Madame [F] [B] est propriétaire d’un bien à [Localité 2], tandis que Monsieur [O] [W] est propriétaire d’un bien à [Localité 3].
Au cours de l’année 2023, la relation sentimentale entre Monsieur [O] [W] et Madame [F] [B] a pris fin.
Par acte du 11 décembre 2023, Monsieur [O] [W] a assigné Madame [F] [B] devant le tribunal judiciaire de Grenoble afin d’obtenir la réparation des préjudices subis du fait d’une rupture de concubinage fautive.
La clôture de la procédure a été ordonnée le 20 janvier 2026.
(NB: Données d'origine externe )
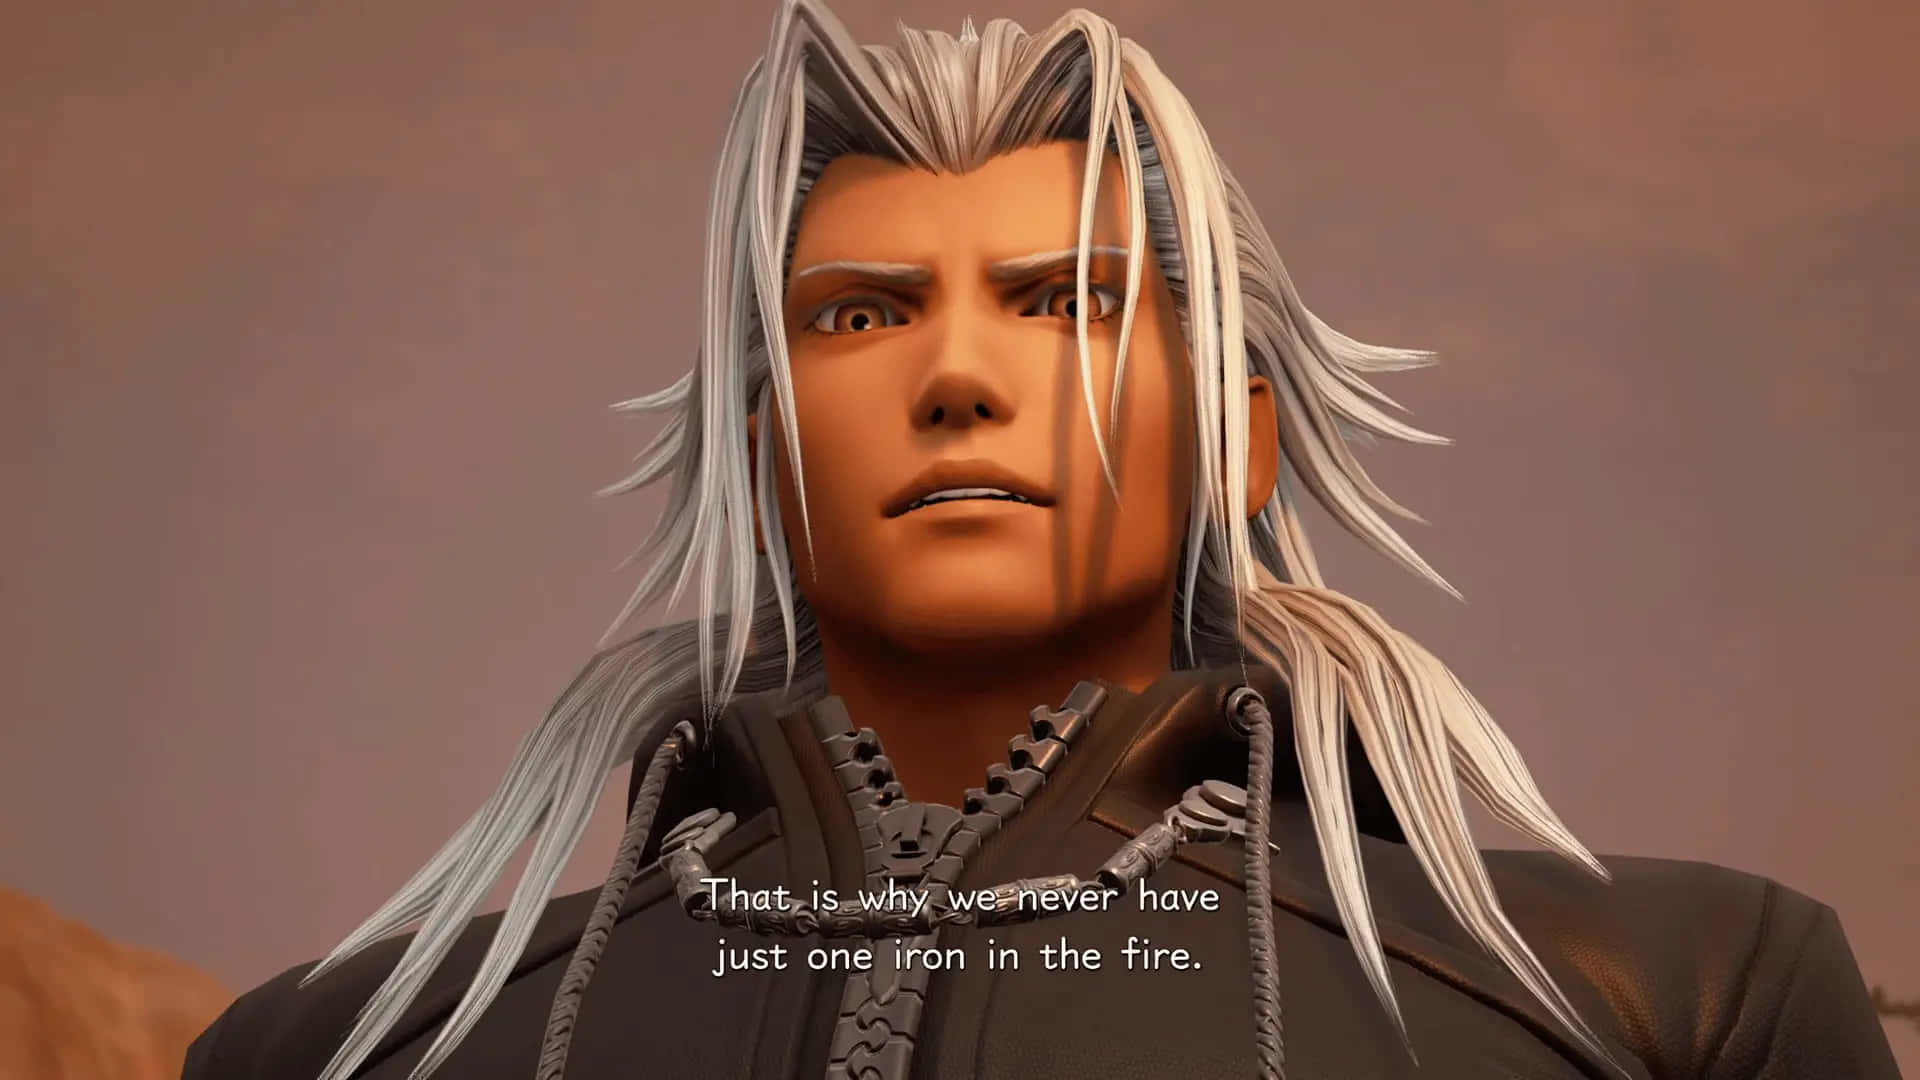 Xemnas, the Supreme Leader of Organization XIII, in the world of Kingdom Hearts Wallpaper

PRÉTENTIONS ET MOYENS DES PARTIES
Dans ses dernières conclusions notifiées par voie électronique le 9 juillet 2025, Monsieur [O] [W] demande au tribunal de :
— DÉCLARER Monsieur [O] [W] bien-fondé dans ses demandes au sujet de la recherche de la responsabilité délictuelle de Madame [F] [B] au titre des circonstances ayant entouré la rupture de leur concubinage d’une durée de 9 années par cette dernière ;
— RETENIR que les circonstances entourant la rupture sont fautives, et DÉCLARER Madame [F] [B] en être intégralement responsable ;
— CONDAMNER Madame [F] [B] à indemniser Monsieur [O] [W] de ses entiers préjudices ;
— FIXER l’indemnisation des préjudices subis par Monsieur [O] [W] à la somme de 15.000 € de dommages-intérêts, et ce sous réserve de nouvelles complications ultérieures ;
— CONDAMNER Madame [F] [B] à verser à Monsieur [O] [W] la somme de 15.000 € en principal, outre intérêts au taux légal à compter de l’assignation ;
— DIRE n’y avoir lieu à écarter l’exécution provisoire de la décision à intervenir ;
— DÉBOUTER Madame [F] [B] de toutes ses demandes, fins et conclusions, plus amples ou contraires aux demandes présentées par Monsieur [O] [W] ;
— CONDAMNER Madame [F] [B] à supporter la charge des entiers dépens ;
— CONDAMNER Madame [F] [B] à verser à Monsieur [O] [W] la somme de 3.000 € en application de l’article 700 du Code de procédure civile ;
Monsieur [O] [W] rappelle qu’il a été en concubinage avec Madame [F] [B] pendant 9 ans.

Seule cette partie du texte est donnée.